I tend to watch murder shows with dinner. I'm quite used to munching away amidst fictional gore. But as I watched this episode of Shetland, my dinner got cold. It was riveting, moving, and thought-provoking in a way more blood & guts shows are not. It grappled with the personal and legal consequences of sexual assault (and not just to this one character) in ways I don't remember seeing on tv before.

22 July 2017

Against Academic Conferences


There's a lot I love about academia — more than I dislike, or I wouldn't be about to start my 5th year toward a PhD — but it is an often vexing world, particularly to those of us who've spent a lot of time outside it. If you've never gotten outside the groves of academe, you're likely to internalize academic practices and not simply think that they're normal, but be utterly convinced that they're acceptable and even, perhaps, the only way to do things. Academic publishing, for instance, is even more whackadoodle bonkers and exploitative than trade publishing, and back in the days when I only knew the world of trade publishing, I wouldn't have thought such a thing was possible. Most academic publishing makes trade publishing look positively noble, generous, and big-hearted.

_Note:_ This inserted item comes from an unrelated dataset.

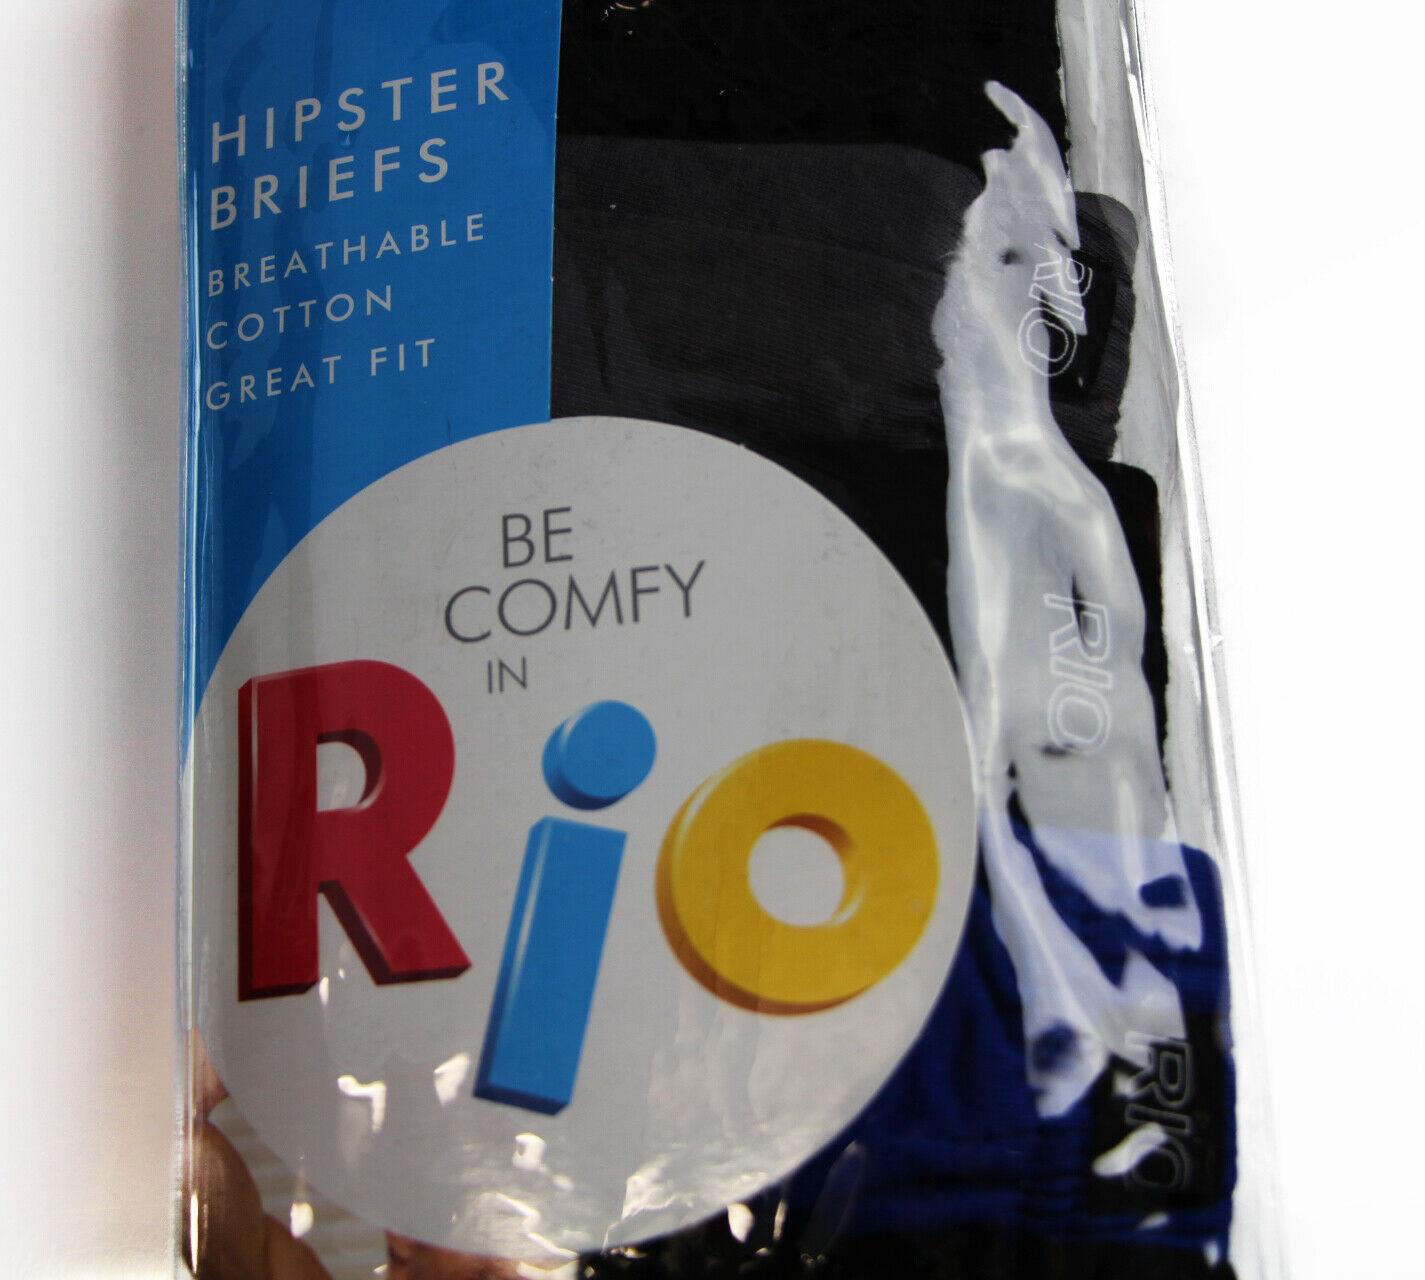 MENS-RIO-7-PACK-SEXY-HIPSTER-BIKINI-BRIEF-COTTON-UNDERWEAR-JOCKS-BLACK-BRIEFS thumbnail 5

A recent piece by Pamela L. Gay on "The Unacknowledged Costs of Academic Travel" got me thinking once again about one of the things I most dislike in academic life: traveling to conferences.

15 July 2017

Why I Killed My Best Friend by Amanda Michalopoulou


A hazard of doing intense academic work all about novels and novelists and The Novel and the novelties of novelism, etc. etc. etc. ad noveleam, — as I have been doing for a few years now — is that you stop being able to enjoy novels. (Or maybe not you. Maybe this is just me. I long ago learned that I cannot binge on particular genres, whether novels or stories or poems or essays. After working as the series editor for the three Best American Fantasy anthologies, for instance, I hardly read any short fiction for a few years.)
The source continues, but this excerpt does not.